The afternoon was on the wane. We left: Gonfalon's to find that the rain had abated. A blustery wind blew in from the lake. I was anxious now to return home, where the work I had earlier abandoned in lonely misery still waited. Minnie had served her turn. "Thank you for a most charming afternoon."
"Which way are you going, then?"
I pointed vaguely up the street.
"Ah, that's my way, too, we can go together, Otto. I've got an old auntie in that direction. I'll just pop in for a visit."
I was growing weary of her and, to be honest, already regretted having invited her to use my first name. She was, it must be admitted, common. (In those days one did not feel shame at such undemocratic sentiments.) She held my arm as before, chattering mindlessly on.
At length we reached the house where my landlady, a doctor's widow, eked out her pension by renting rooms to "young gentlemen with unimpeachable references." It was a solid, ample house in a solid, ample neighborhood. "And now, Minnie? ..." I raised my hat.
"You live here, then?" I nodded. "How posh it is!"
I looked with her at the house. "It's adequate."
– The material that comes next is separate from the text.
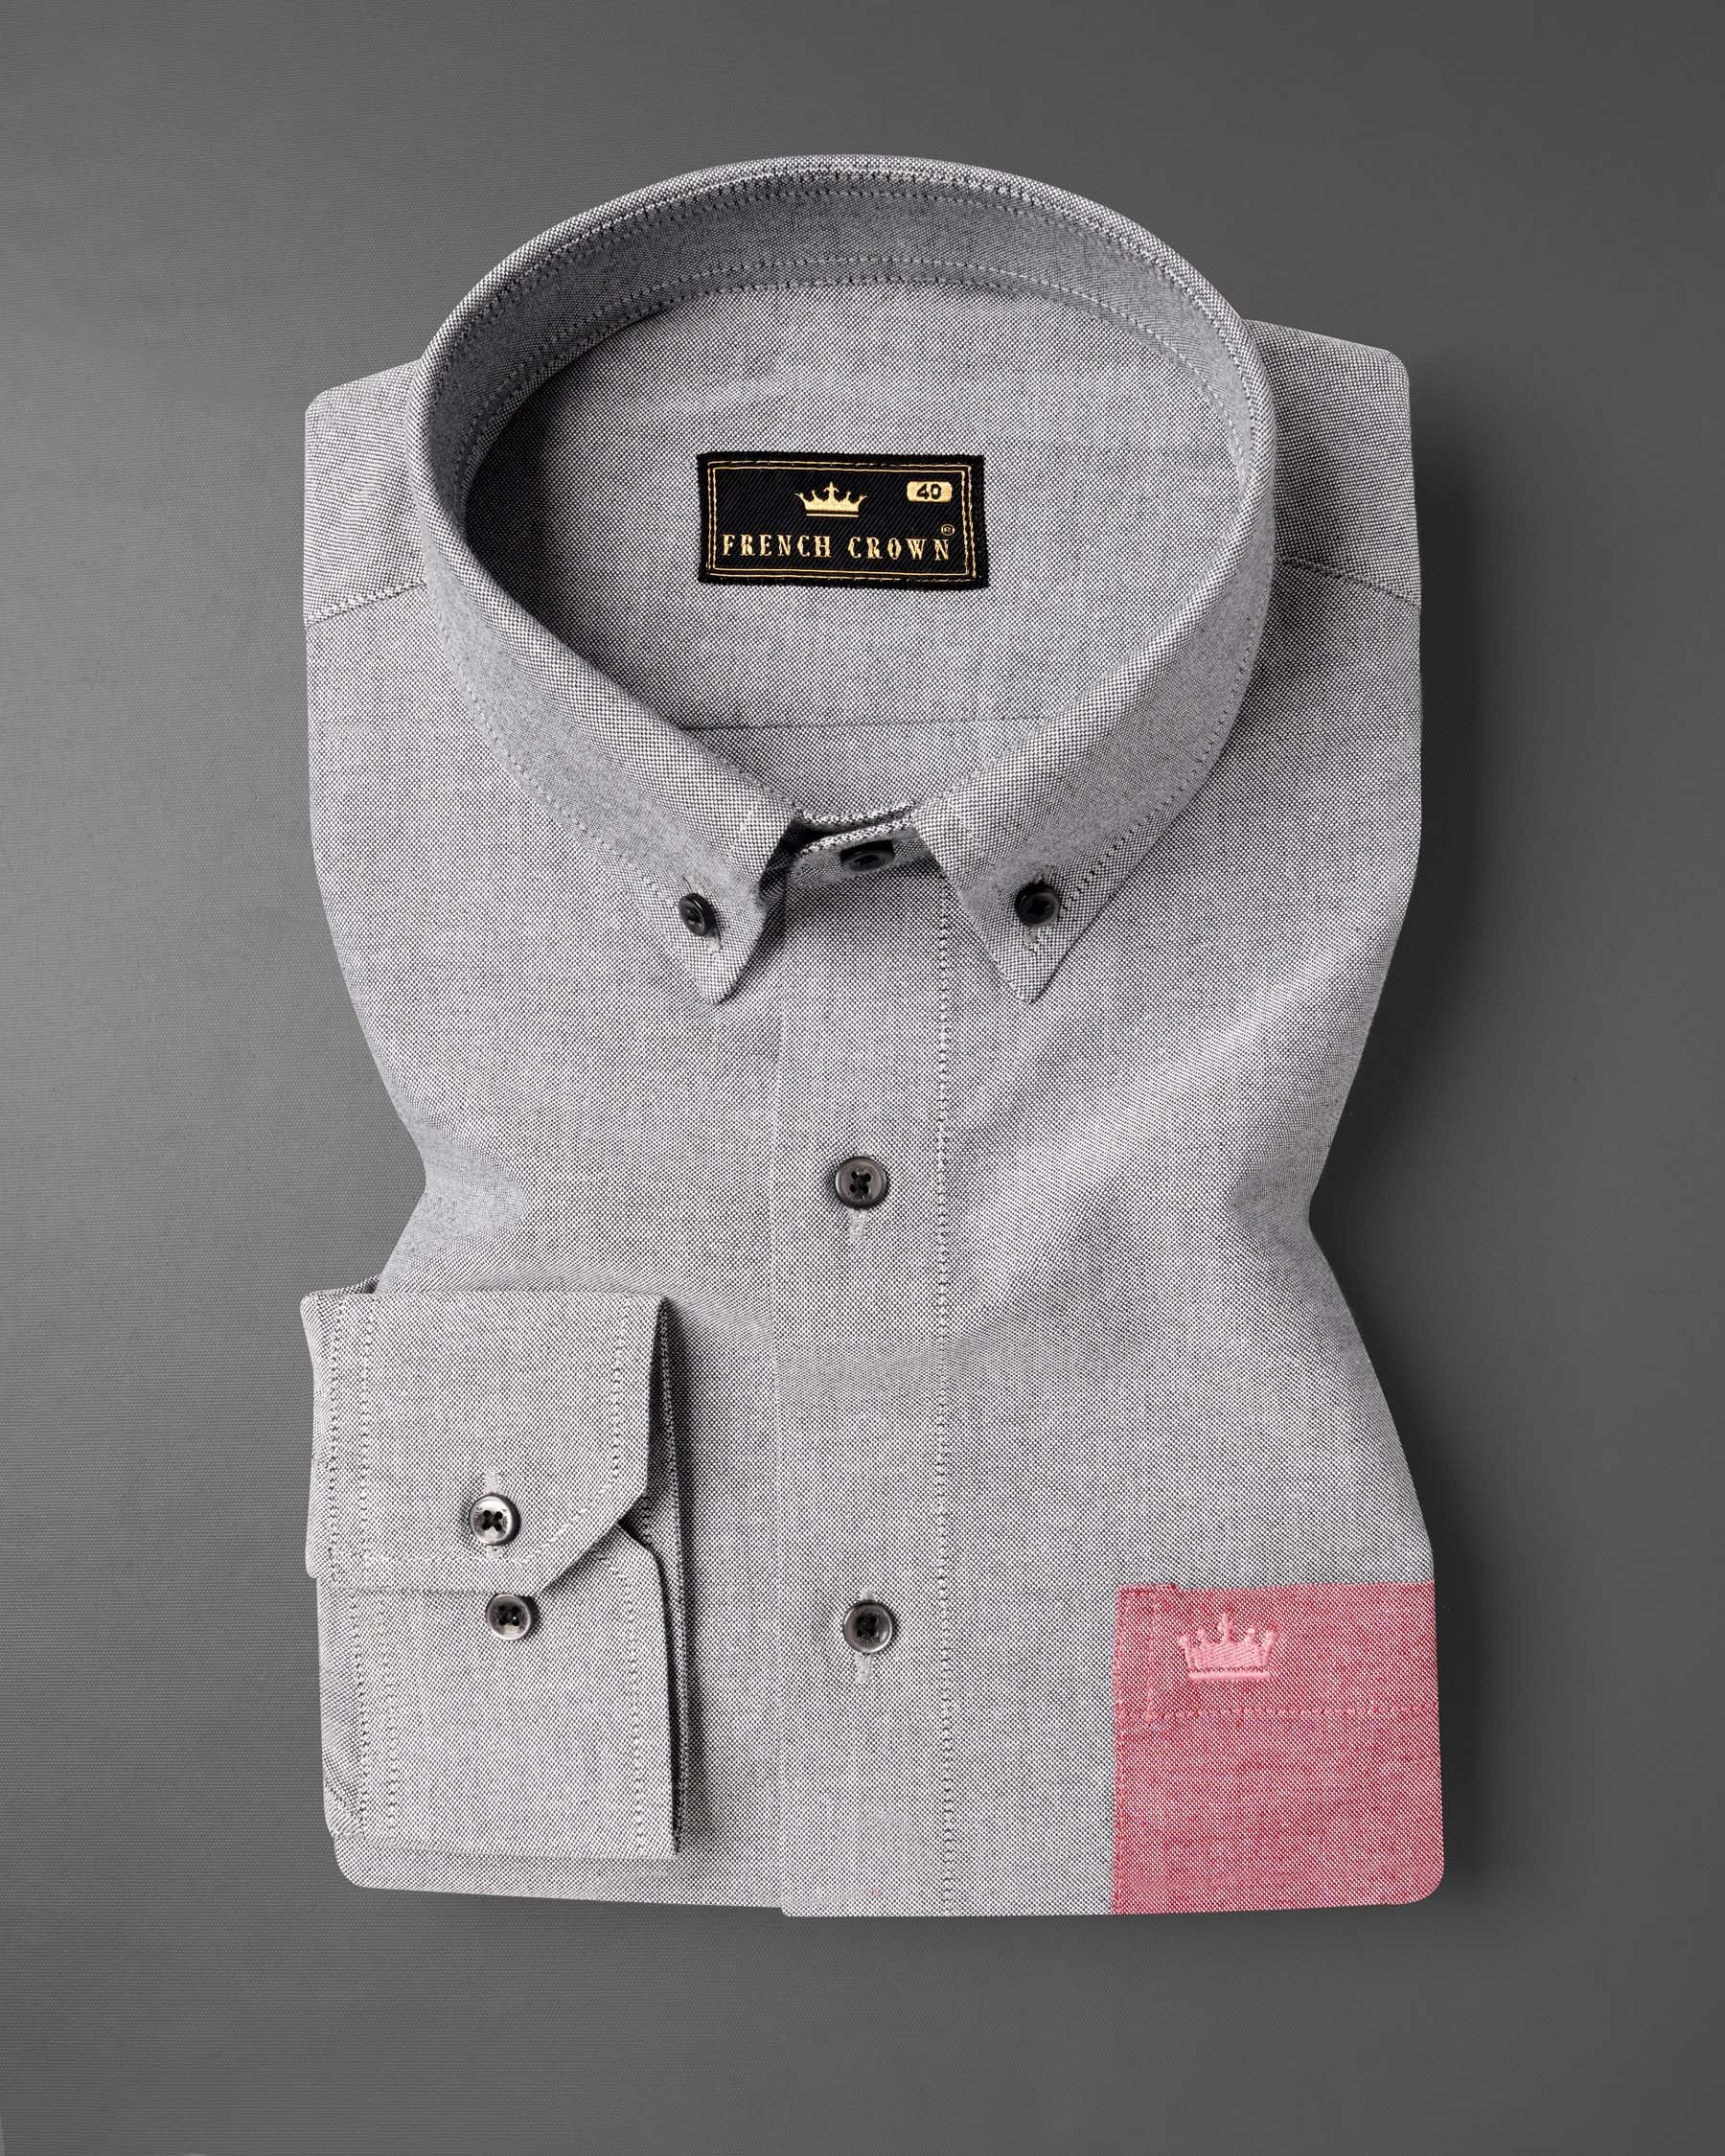 Pumice Gray with Pink Pocket Royal Oxford Shirt 6722-BD-BLK-38,6722-BD-BLK-38,6722-BD-BLK-39,6722-BD-BLK-39,6722-BD-BLK-40,6722-BD-BLK-40,6722-BD-BLK-42,6722-BD-BLK-42,6722-BD-BLK-44,6722-BD-BLK-44,6722-BD-BLK-46,6722-BD-BLK-46,6722-BD-BLK-48,6722-BD-BLK-48,6722-BD-BLK-50,6722-BD-BLK-50,6722-BD-BLK-52,6722-BD-BLK-52

Suddenly her face creased with pain. "Ouch!"
"What's the matter?"
"I've twisted my ankle, that's what's the matter."
How had she done that, just standing there? "Here, lean on me. How can I help?"
"I'll be all right. All I need is a tiny sit-down." Her smile was mischievous. "You don't happen to have one, do you?"
I was, of course, the very soul of chivalry. Here was a Damsel in Distress! In such circumstances obvious differences in social standing and breeding counted for nothing. "If you think you can make it up the stairs, you can rest in my room. If not, perhaps my landlady ..."
"I'll try."
In fact, she reached my room with admirable agility.
"Close the door, Liebchen, be so good. There's a horrible draft in here."
Scorning the easy chair and plump pouffe I showed her, Minnie made straight for my bed. She tried an experimental little bounce. "Ooh, so comfy!" She looked about her at the large room, the paneled walls, the ornate furnishings, the neat display of gentleman's toiletries. "You have this all to yourself, I bet." And when I nodded, she shook her head in wonder. "Some people are born lucky." With a gesture of dismissal she unpinned her hat and sent it skimming like a discus across the room.
I was rather at a loss as to what to do. I stood, therefore, leaning against the door as casually as I could, one hand behind me idly twitching the tails of my coat, the other smoothing my mustache. When the silence between us had grown embarrassingly lengthy, I asked her if she'd care for a brandy. She was eying me from top to toe, and she had a strange little smile on her lips. "A cognac, perhaps? Only as a restorative, I mean."